Did you find some interesting things?
Could it be linked to a LVM snapshot bug?

(sorry, outputs are in french)

# fsck /dev/vg1/lv_home -f
fsck 1.41.3 (12-Oct-2008)
e2fsck 1.41.3 (12-Oct-2008)
Passe 1 : vérification des i-noeuds, des blocs et des tailles
Passe 2 : vérification de la structure des répertoires
Passe 3 : vérification de la connectivité des répertoires
Passe 4 : vérification des compteurs de référence
Passe 5 : vérification de l'information du sommaire de groupe
/dev/vg1/lv_home : 747/4718592 fichiers (46.3% non contigus), 14389071/18874368 blocs

==> no error !

# dd if=/dev/vg1/lv_home of=/dev/null
150994944+0 enregistrements lus
150994944+0 enregistrements écrits
77309411328 bytes (77 GB) copied, 740,691 s, 104 MB/s

==> no error !

It was a ext4dev filesystem.
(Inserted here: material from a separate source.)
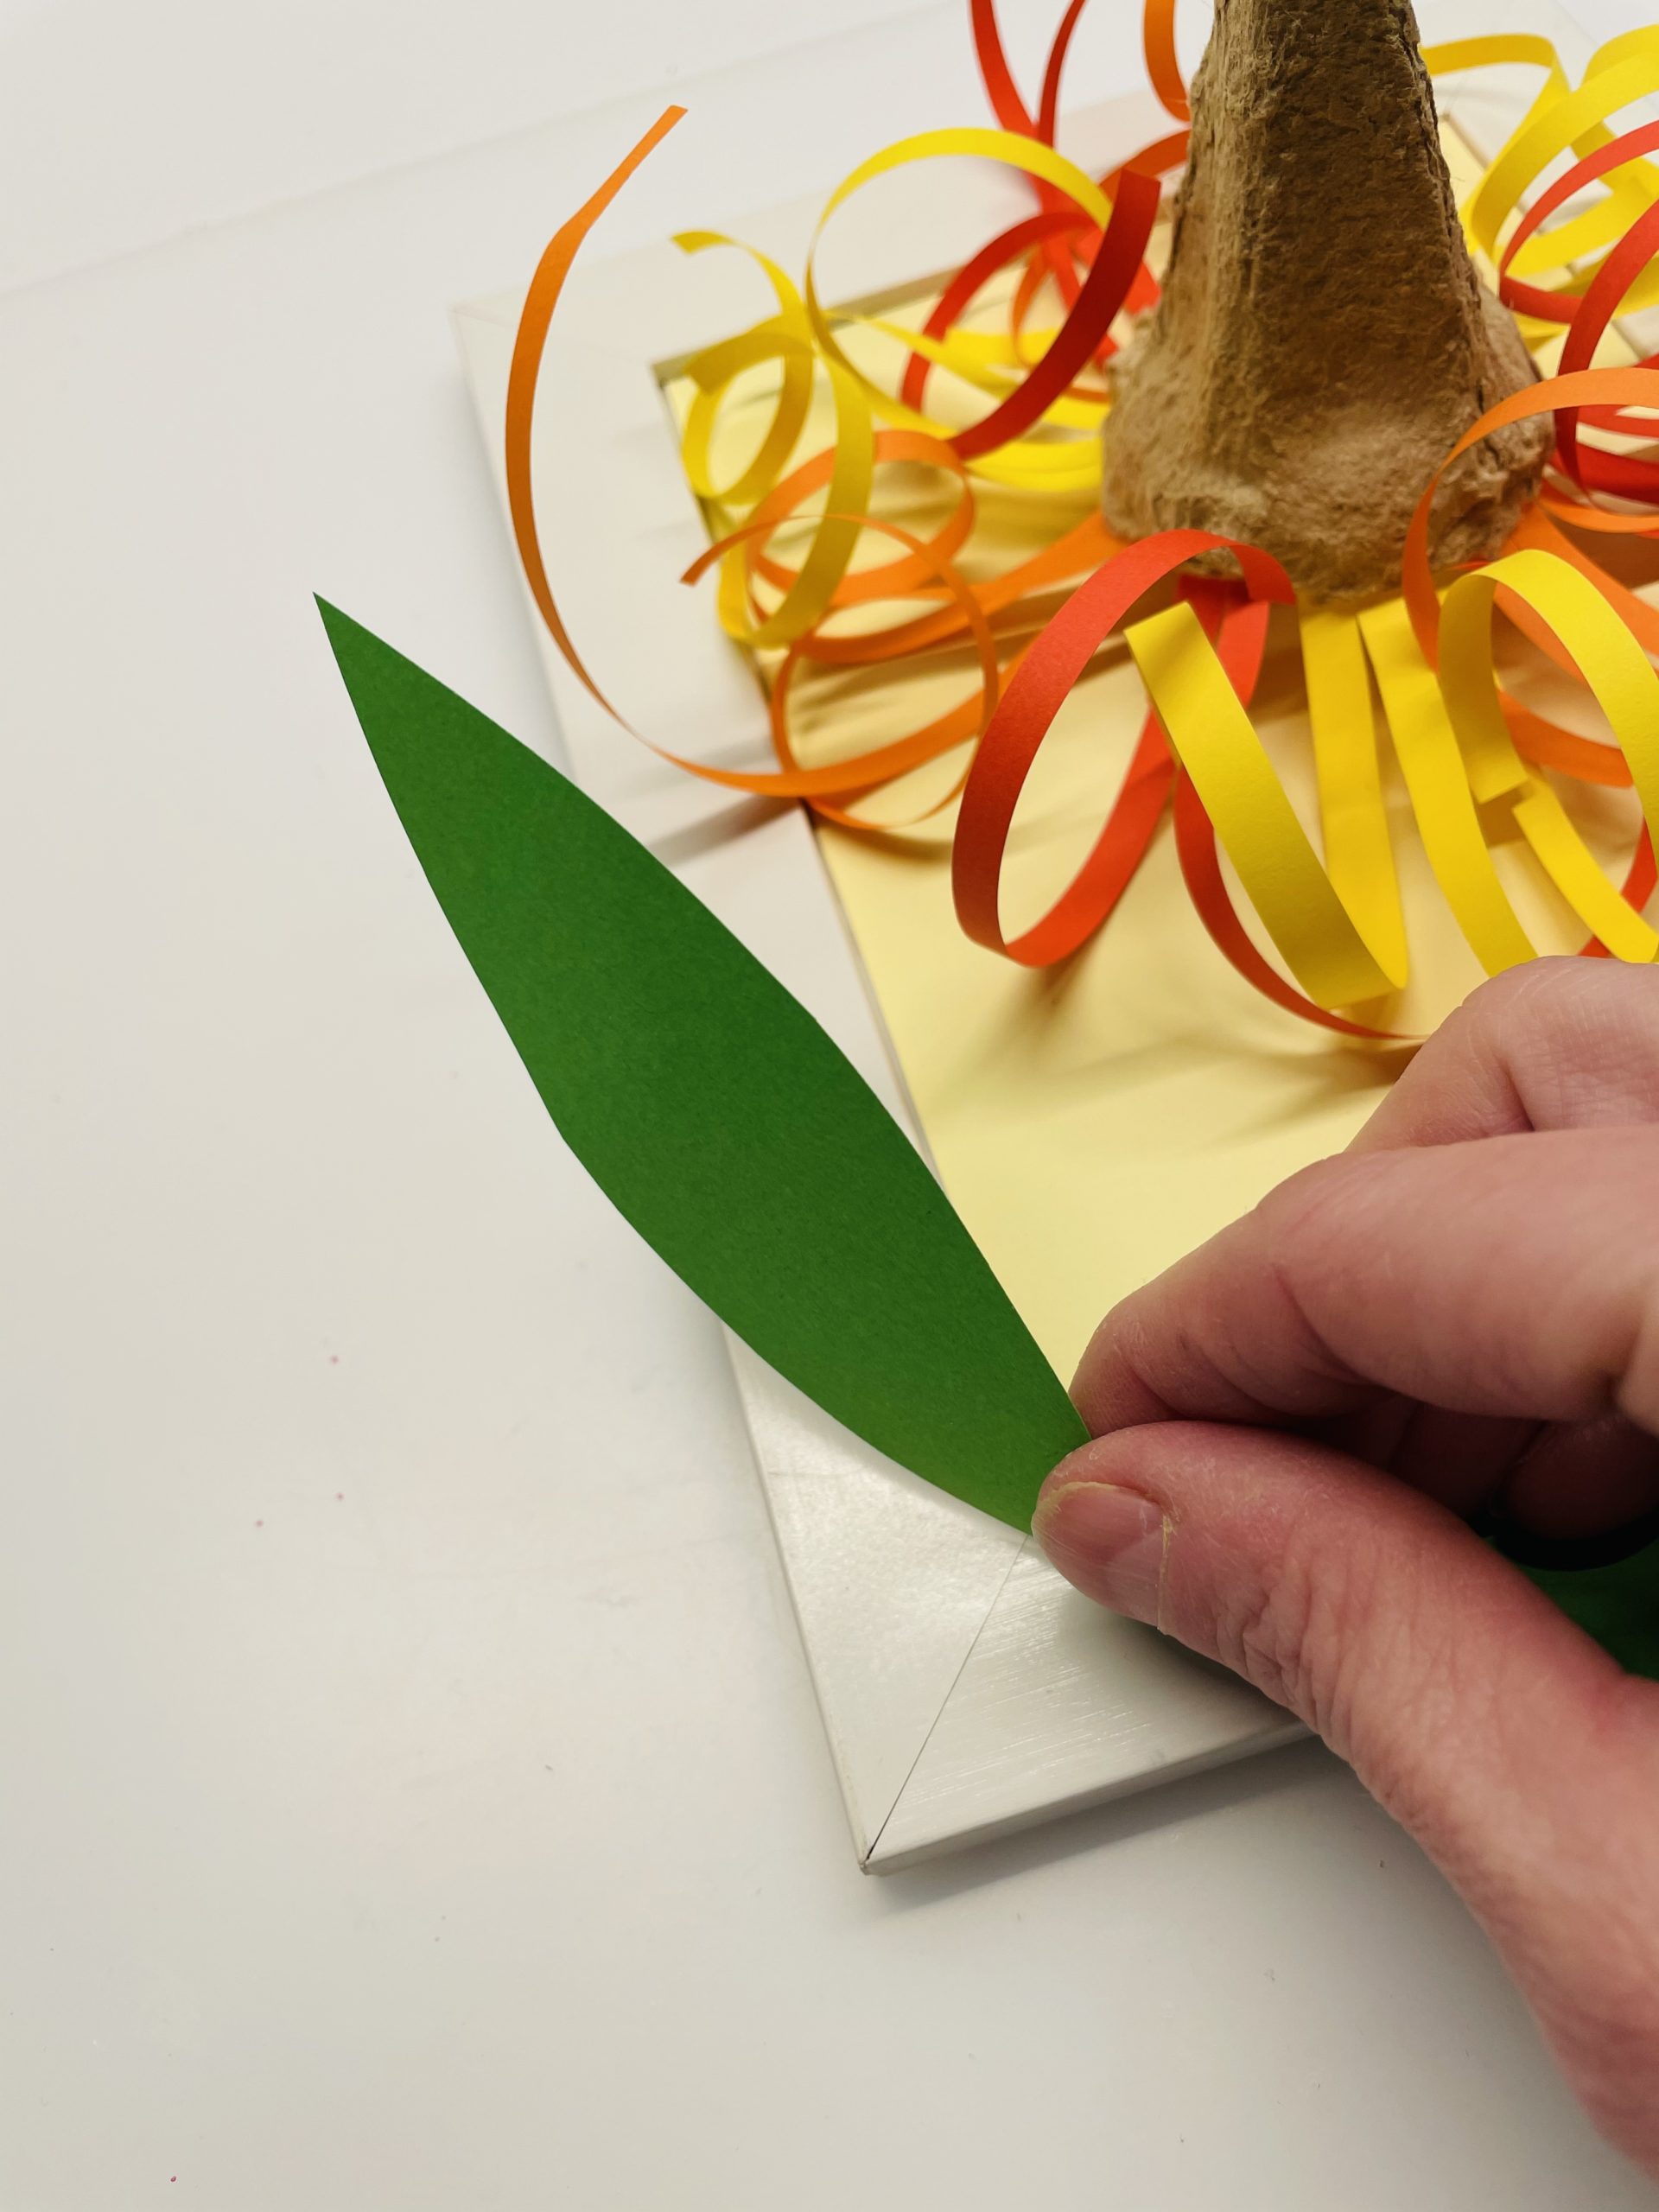 Bild zum Schritt 28 für das Bastel- und DIY-Abenteuer für Kinder: 'Faltet nun die Blätter L-förmig zueinander.'

Mounted with options noatime, nodiratime.
Filesytem has been recreated as ext3 with defaults options.

Since the last change I did on filesystem, it did not crash yet.

Thank you for the feedback.

No news from our side so far - your database work fine. Looks like related to ext4dev. Will see what can be checked here.

Thank you for the feedback.

I can not repeat described behavior on ext4 volume. So closed as "Can't repeat". Feel free to reopen the report if problem reoccurs.